#### [PROMPT]
The data is to be repeated exactly, with the images removed.

#### [RECORDED DATA]
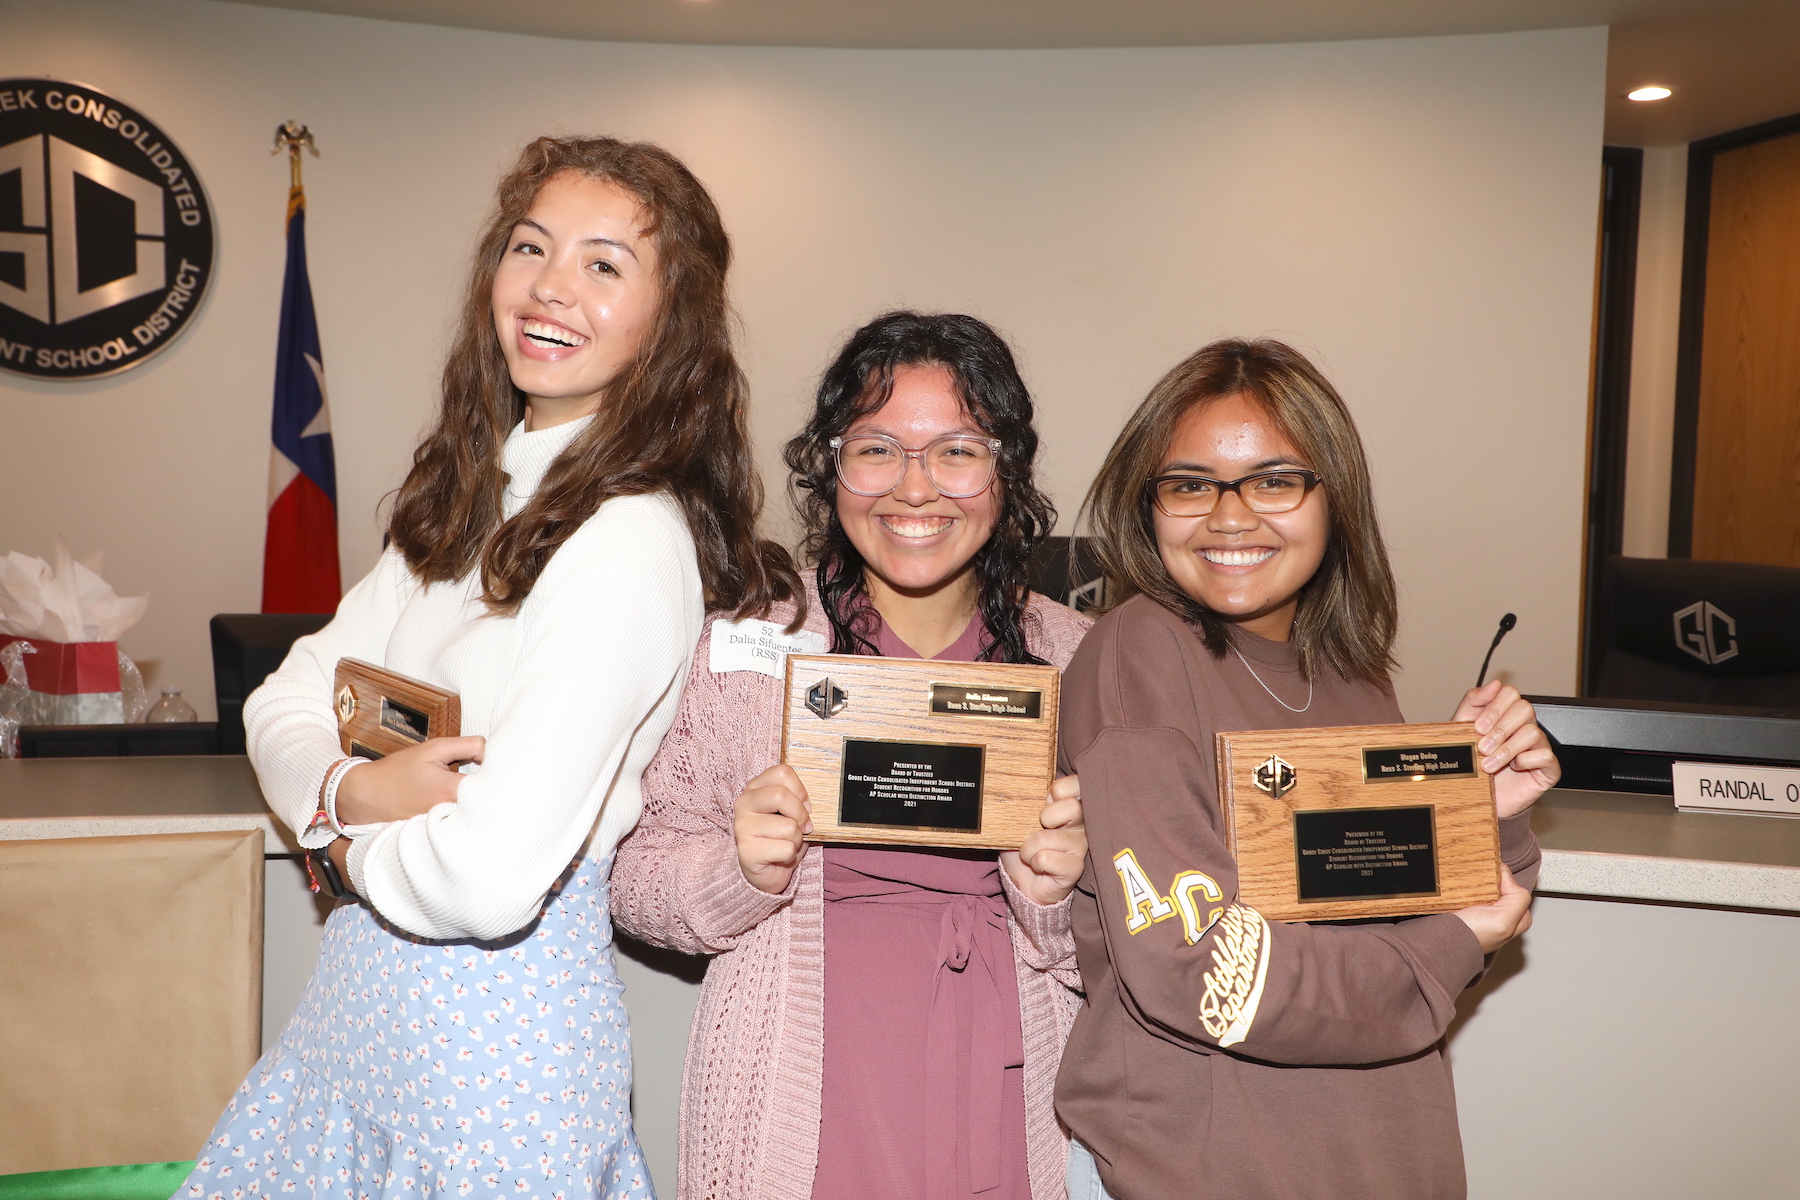 students pose with their award plaques
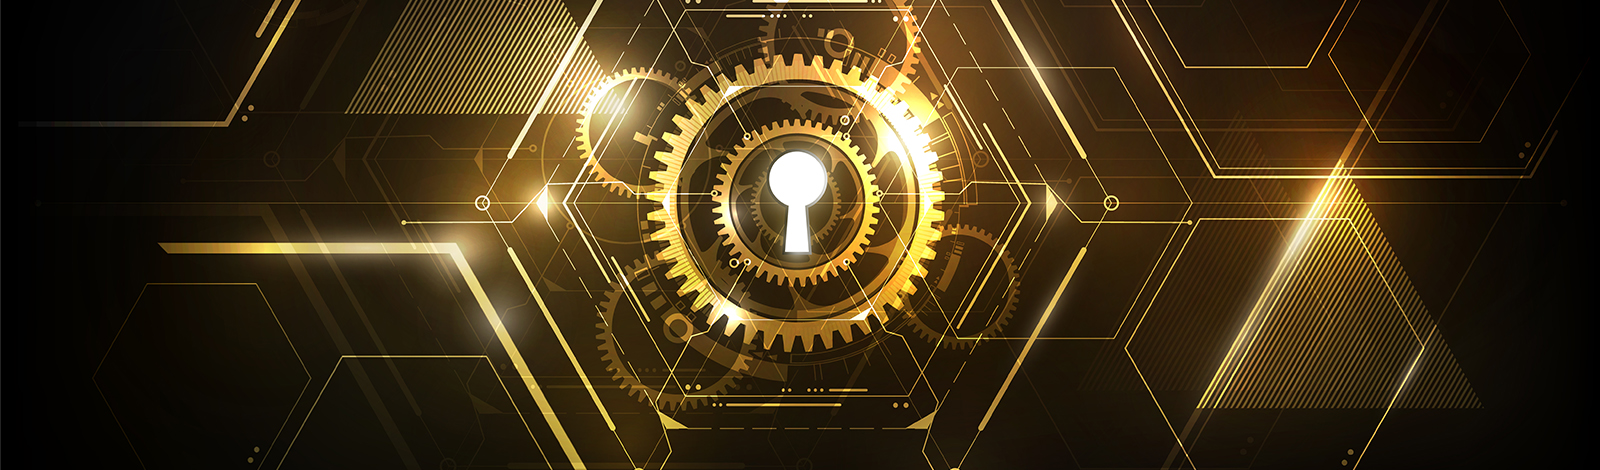 White key hole in the middle with golden graphics of gears and lines surrounding the hole, all on a dark background
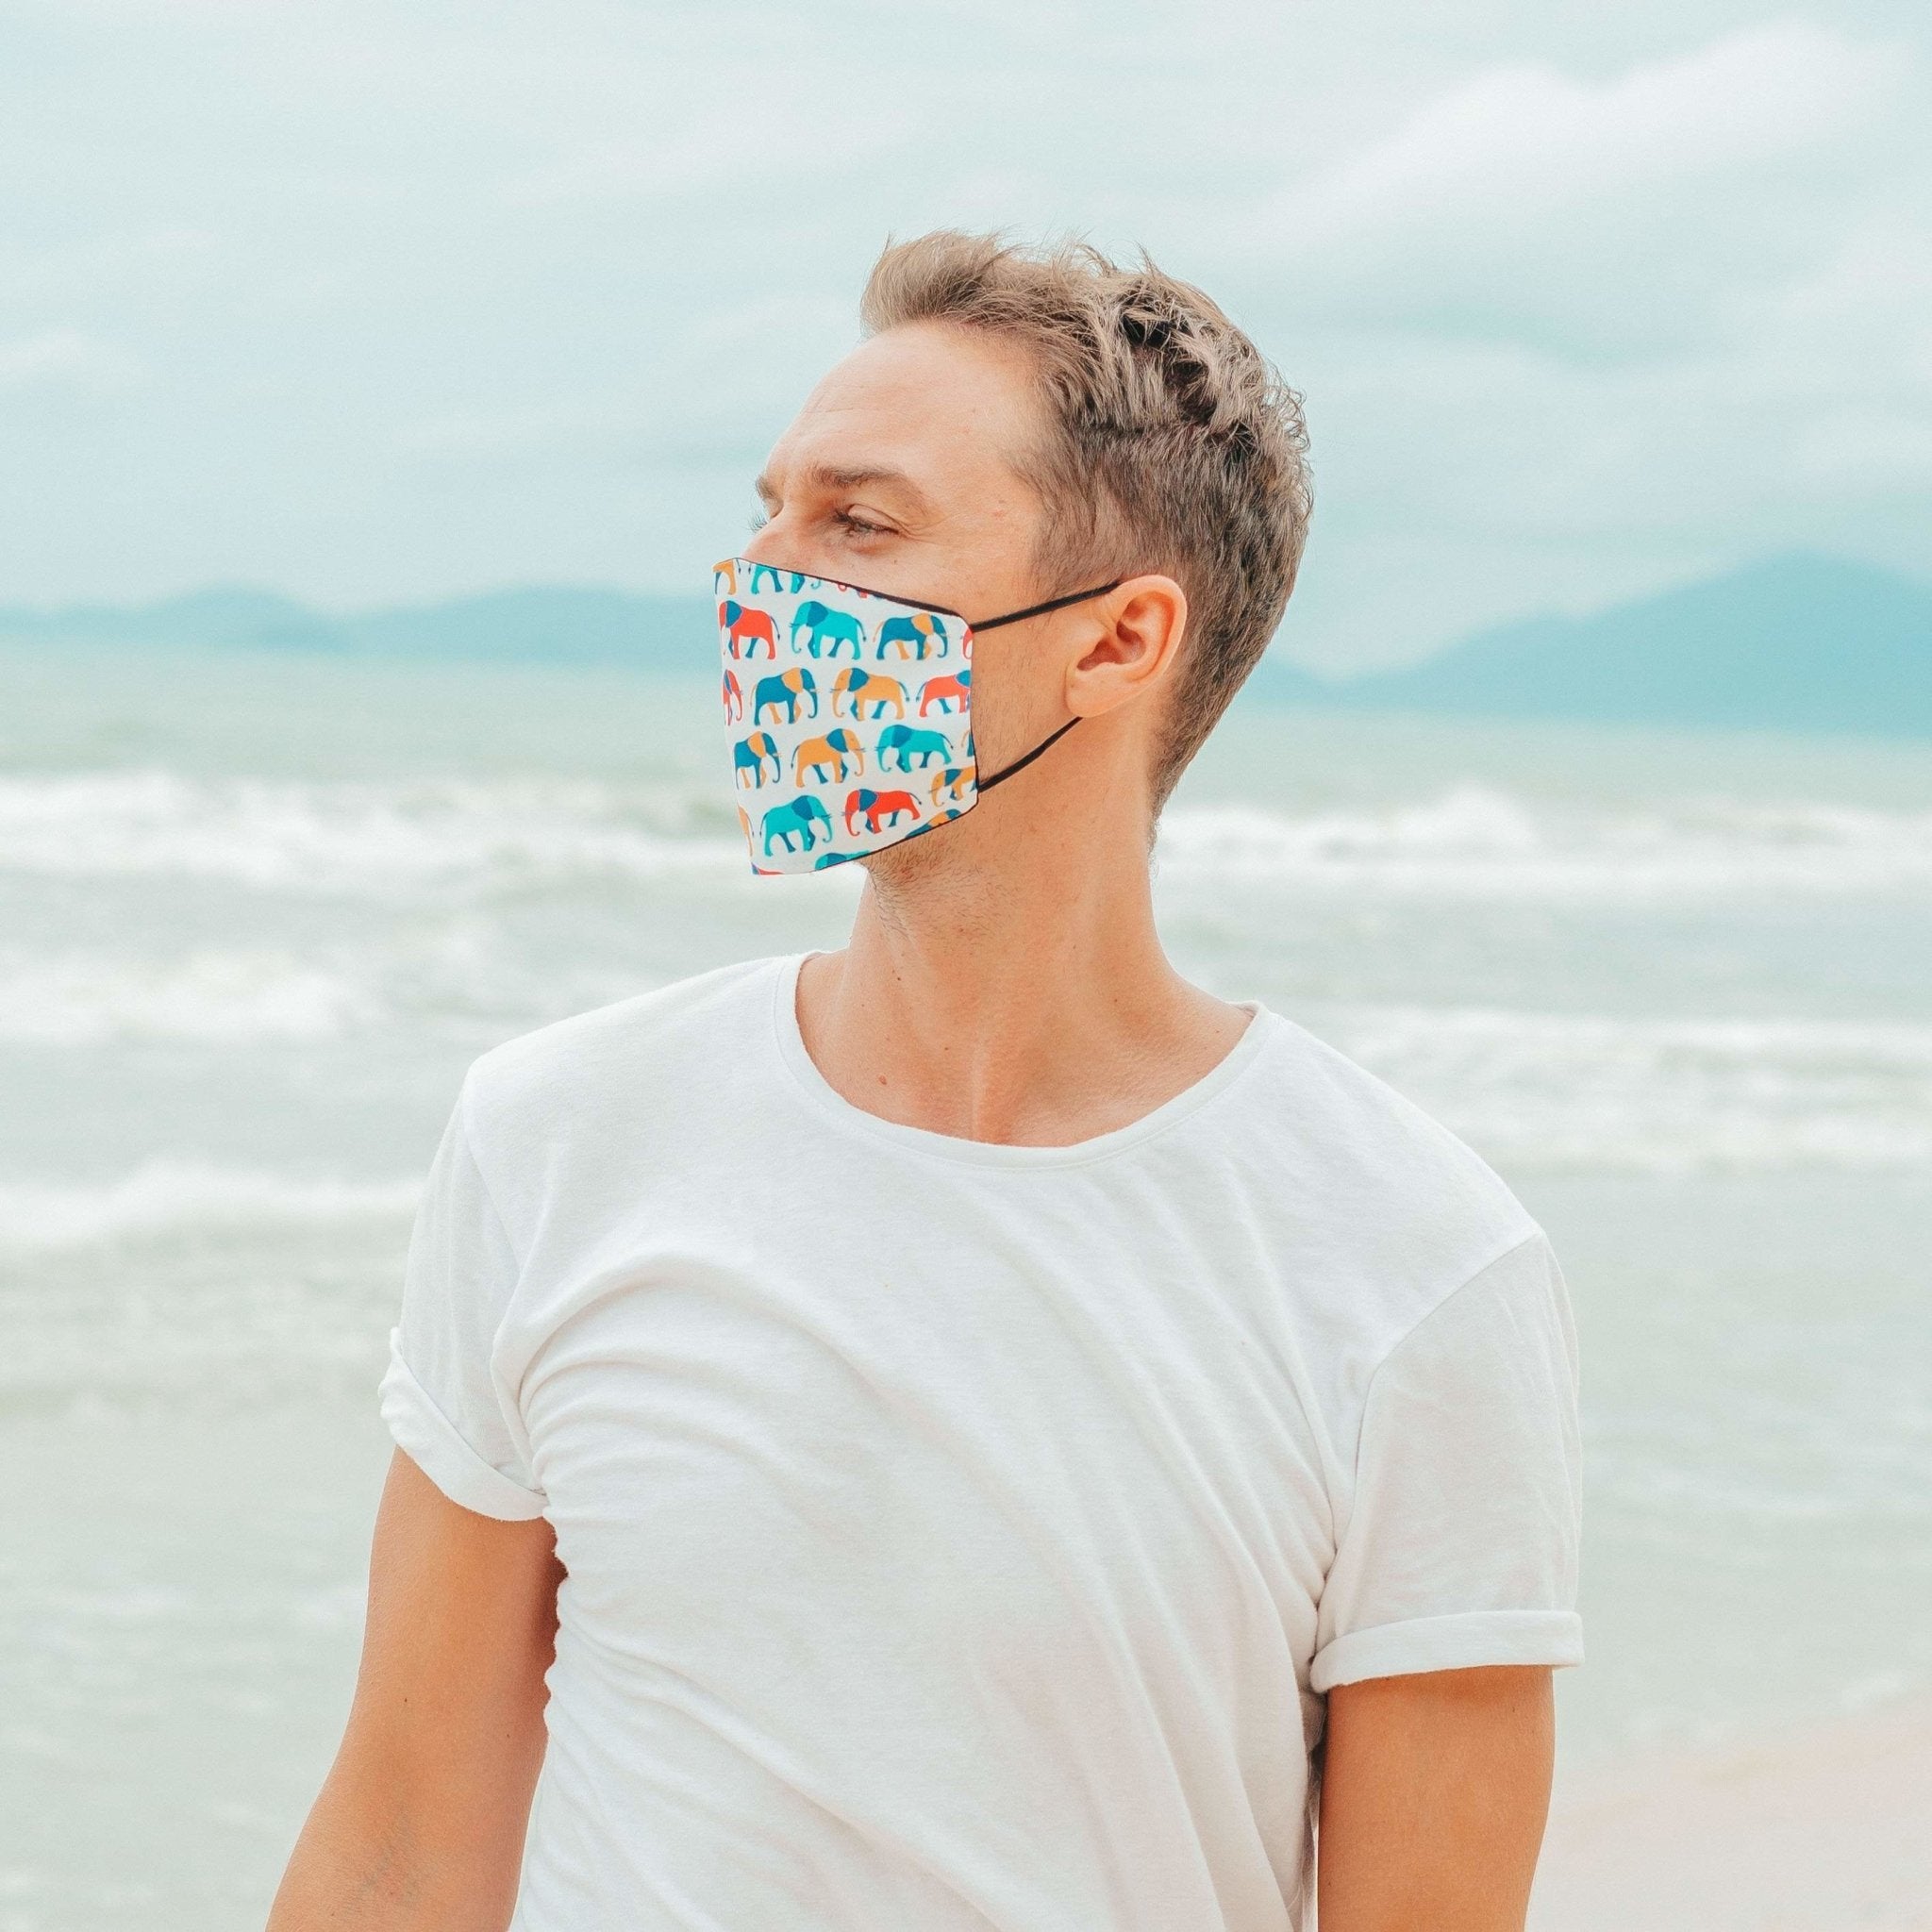 FACE MASK - Multicolor Elepanta Face Masks - Buy Today Elephant Pants Jewelry And Bohemian Clothes Handmade In Thailand Help To Save The Elephants FairTrade And Vegan

#### [TASK OUTPUT]
 students pose with their award plaques
 White key hole in the middle with golden graphics of gears and lines surrounding the hole, all on a dark background
 FACE MASK - Multicolor Elepanta Face Masks - Buy Today Elephant Pants Jewelry And Bohemian Clothes Handmade In Thailand Help To Save The Elephants FairTrade And Vegan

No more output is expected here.